Importing data from a remote Geotrek instance does not work with dynamic segmentation, your instance where you import data must have dynamic segmentation disabled.

For example, to import treks from another instance, edit /opt/geotrek-admin/var/conf/parsers.py file with the following content:

class DemoGeotrekTrekParser(BaseGeotrekTrekParser):
    url = "https://remote-geotrek-admin.net"  # replace url with remote instance url
    delete = False
    field_options = {
        'difficulty': {'create': True, },
        'route': {'create': True, },
        'themes': {'create': True},
        'practice': {'create': True},
        'accessibilities': {'create': True},
        'networks': {'create': True},
        'geom': {'required': True},
        'labels': {'create': True},
    }

Then run in command line

sudo geotrek import DemoGeotrekTrekParser

Treks are now imported into your own instance.

Import data from a file

You can also use some of Geotrek commands to import data from a vector file handled by GDAL (https://gdal.org/drivers/vector/index.htm) (e.g.: ESRI Shapefile, GeoJSON, GeoPackage etc.)
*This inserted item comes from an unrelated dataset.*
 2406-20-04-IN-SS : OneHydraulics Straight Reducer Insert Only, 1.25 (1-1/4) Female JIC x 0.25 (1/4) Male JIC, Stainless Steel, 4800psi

Possible data are e.g.: POI, infrastructures, signages, cities, districts, restricted areas.

You must use these commands to import spatial data because of the dynamic segmentation, which will not be computed if you enter the data manually.
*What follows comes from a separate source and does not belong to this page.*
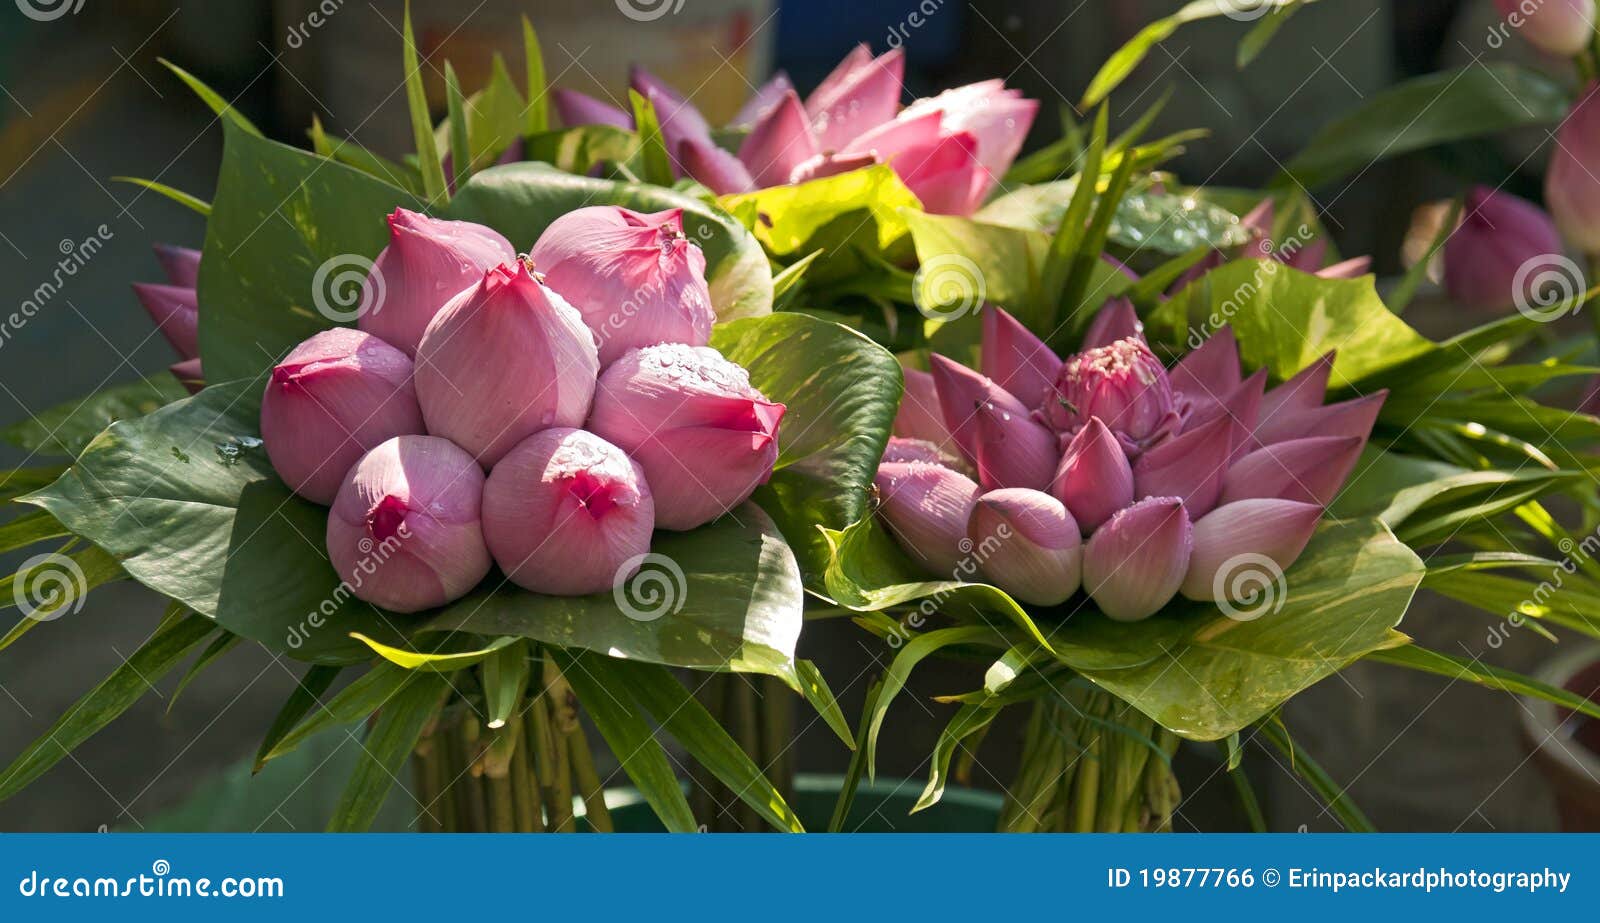 bouquets of lotus buds

Here are the Geotrek commands available to import data from file:

  • loadinfrastructure

  • loadsignage

  • loadpoi

  • loadcities

  • loaddistricts

  • loadrestrictedareas

Usually, these commands come with ability to match file attributes to model fields.
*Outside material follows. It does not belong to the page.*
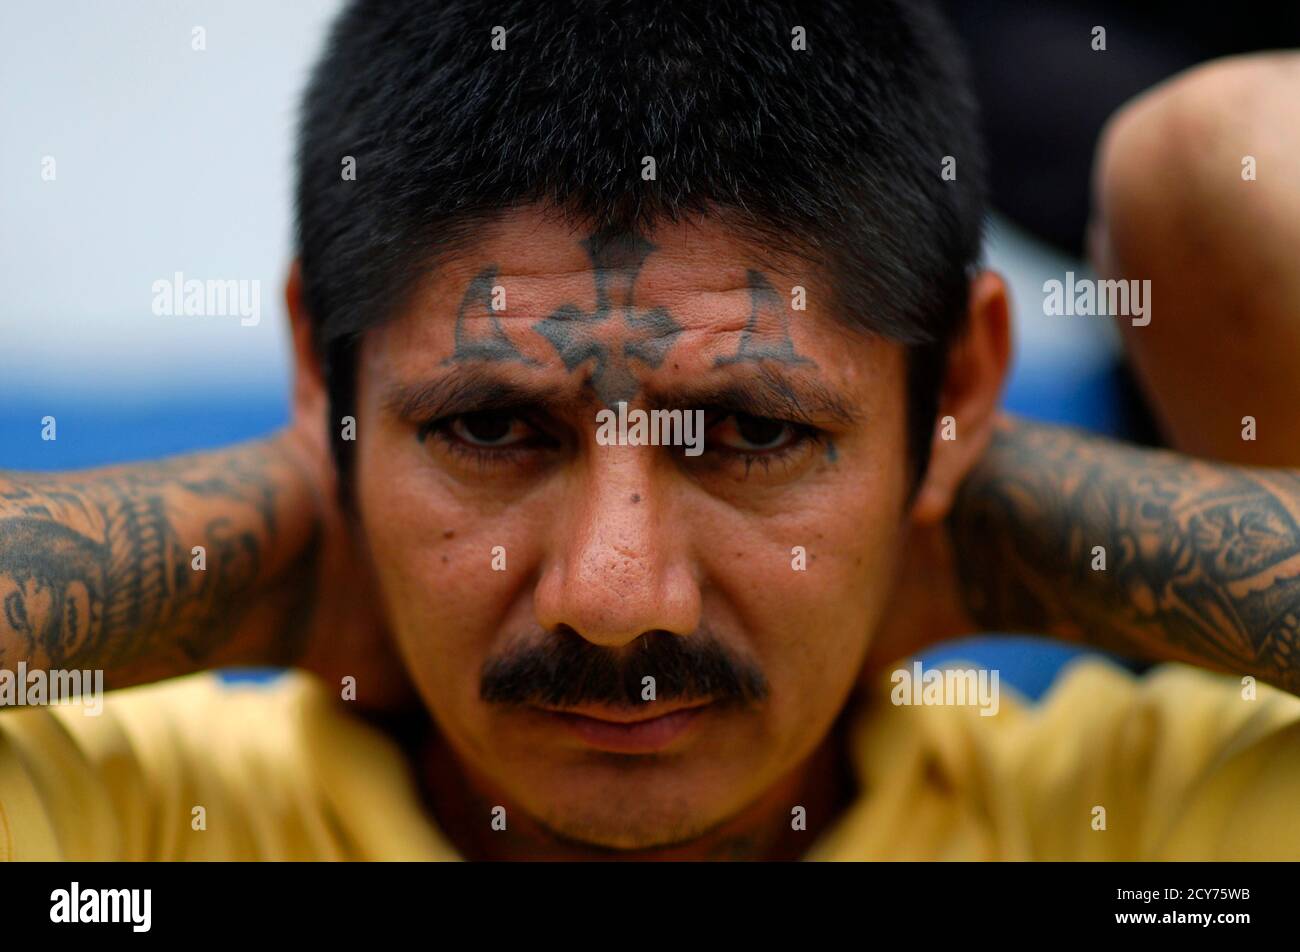 A gang member of Mara Salvatrucha (MS13) who was detained during a night raid is presented to the media in Soyapango, on the outskirts of El Salvador, June 21, 2012. At least 30 of the 160 gang members arrested during a raid late Wednesday were presented to the media by the National Civil Police (Policia Nacional Civil, PNC), local media reported. According to the government of El Salvador, since a truce was signed between MS13 and 18 gangs, daily crimes have dropped from 15 cases to five. REUTERS/Ulises Rodriguez (EL SALVADOR - Tags: CRIME LAW) Stock Photo

To get help about a command:

sudo geotrek help <subcommand>

Example: sudo geotrek help loadpoi

usage: manage.py loadpoi [-h] [--encoding ENCODING] [--name-field NAME_FIELD] [--type-field TYPE_FIELD] [--description-field DESCRIPTION_FIELD]
                         [--name-default NAME_DEFAULT] [--type-default TYPE_DEFAULT] [--version] [-v {0,1,2,3}] [--settings SETTINGS] [--pythonpath PYTHONPATH]
                         [--traceback] [--no-color] [--force-color] [--skip-checks]
                         point_layer

Load a layer with point geometries in a model

positional arguments:
  point_layer

optional arguments:
  -h, --help            show this help message and exit
  --encoding ENCODING, -e ENCODING
                        File encoding, default utf-8
  --name-field NAME_FIELD, -n NAME_FIELD
                        Name of the field that contains the name attribute. Required or use --name-default instead.
  --type-field TYPE_FIELD, -t TYPE_FIELD
                        Name of the field that contains the POI Type attribute. Required or use --type-default instead.
  --description-field DESCRIPTION_FIELD, -d DESCRIPTION_FIELD
                        Name of the field that contains the description of the POI (optional)
  --name-default NAME_DEFAULT
                        Default value for POI name. Use only if --name-field is not set
  --type-default TYPE_DEFAULT
                        Default value for POI Type. Use only if --type-field is not set
  --version             show program's version number and exit
  -v {0,1,2,3}, --verbosity {0,1,2,3}
                        Verbosity level; 0=minimal output, 1=normal output, 2=verbose output, 3=very verbose output
  --settings SETTINGS   The Python path to a settings module, e.g. "myproject.settings.main". If this isn't provided, the DJANGO_SETTINGS_MODULE environment variable will
                        be used.
  --pythonpath PYTHONPATH
                        A directory to add to the Python path, e.g. "/home/djangoprojects/myproject".
  --traceback           Raise on CommandError exceptions
  --no-color            Don't colorize the command output.
  --force-color         Force colorization of the command output.
  --skip-checks         Skip system checks.

Delete attachment from disk

When an attachment (eg. pictures) is removed, its file is not automatically removed from disk. You have to run sudo geotrek clean_attachments manually or in a cron to remove old files. After that, you should run sudo geotrek thumbnail_cleanup to remove old thumbnails.